CHUKS OLUIGBO
Too many scandals have rocked this country of ours in recent times
that have been swept under the rug or simply dumped in the trashcan or even
incinerator of history. And they have almost always followed the same pattern.
First, they would filter in as newsbreak, then the trickles would form a deluge
and explode into Armageddon, then the “self-appointed activists, the idle and
idling, twittering collective children of anger, the distracted crowd of
Facebook addicts, the BBM-pinging soap opera gossips of Nigeria” (apologies to
Reuben Abati) would feast on it, then the mainstream media would devour it with
gusto for a week or two, then we suffix a “gate” to the name of the man or
woman or institution at the centre of the storm, then everything would fizzle
out and we return to our normal lives – we forget. We behave like a typical
village mother hen which grandstands and shouts to the high heavens each time
she loses a chick to a roving hawk and thereafter retreats to nurse her pains,
without internalising the lessons of that encounter, only to repeat the futile
exercise when the episode recurs.
There is the Halliburton scandal, for instance. There is the probe
by the Ndudi Elumelu-led House of Reps Committee on Power into the massive
investment made in the power sector under the Olusegun Obasanjo administration
(1999-2007), which opened putrefying cans of worms, as did the Senate probe
into the operations of the BPE in 2011 which made mind-boggling revelations on
how public corporations were sold at rock bottom prices, the probe on the
management contract of the Nigeria Telecommunications Limited (2002), the
Petroleum Technology Development Fund probe (2007), the pension fund
administration probe (2012), and the fuel subsidy scam probe (2012). The BPE
probe, for instance, revealed that while the Aluminium Smelting Company of
Nigeria, established at a cost of $3.2 billion, was sold for $130 million, the
Delta Steel Company, which was set up in 2005 at the cost of $1.5 billion, was
given away for $30 million. The pension probe uncovered how Abdulrasheed Maina,
chairman of the pension task force set up by the Federal Government to reform
the dysfunctional pension system, turned out to help himself and his cronies
with the pension fund.
But apart from the publicity, funfair and razzmatazz that
accompanied these probes and their entertainment value, many of them were
inconclusive, and the reports of those that were concluded are gathering dust
in the shelves.
But one scandal that has refused to go away is that involving
Farouk Muhammad Lawan, a renowned stalwart of the People’s Democratic Party
(PDP) who represented his Bagwai/Shanono Federal Constituency of Kano State in
the Nigerian House of Representatives for a whopping 16 years (1999-2015).
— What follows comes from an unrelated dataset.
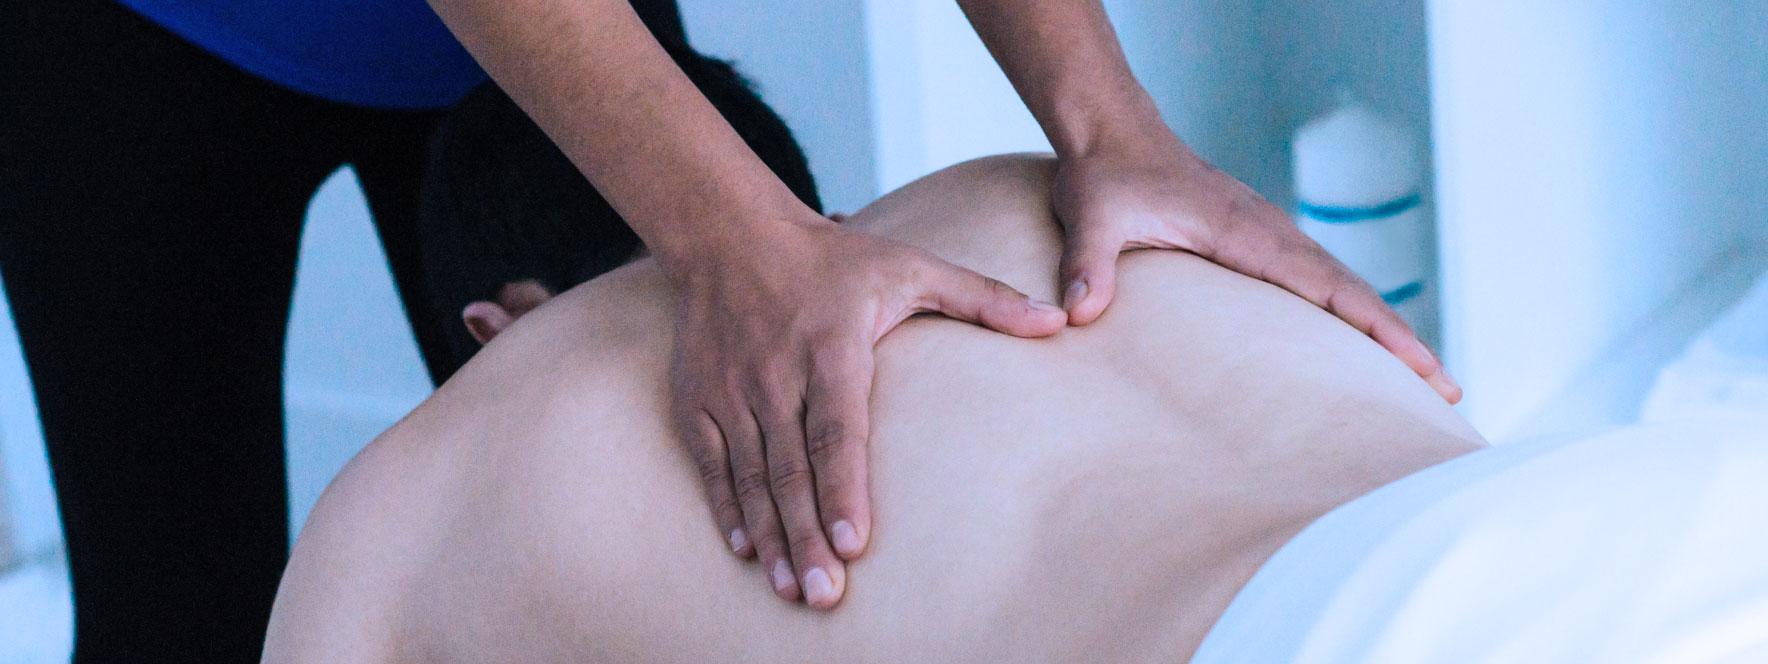 La massothérapie: efficace, pour les maux de dos? Blogue du Réseau

Lawan, a graduate of Bayero University Kano, who was a registrar
at the Kano State Polytechnic until he won election in 1999, served as chairman
of the House Committee on Finance under Aminu Bello Masari’s speakership.
Regarded as one of the power brokers in the House of Representatives, he played
a key role in Patricia Etteh’s emergence as speaker in 2007, and also during
the corruption scandal that rocked her boat later that year, he was the leader
of the Integrity Group that was at the centre of Etteh’s ousting. He became
known as Mr Integrity and was even then touted as a strong candidate for the
governorship of Kano State. But Mother Fate had other plans for him.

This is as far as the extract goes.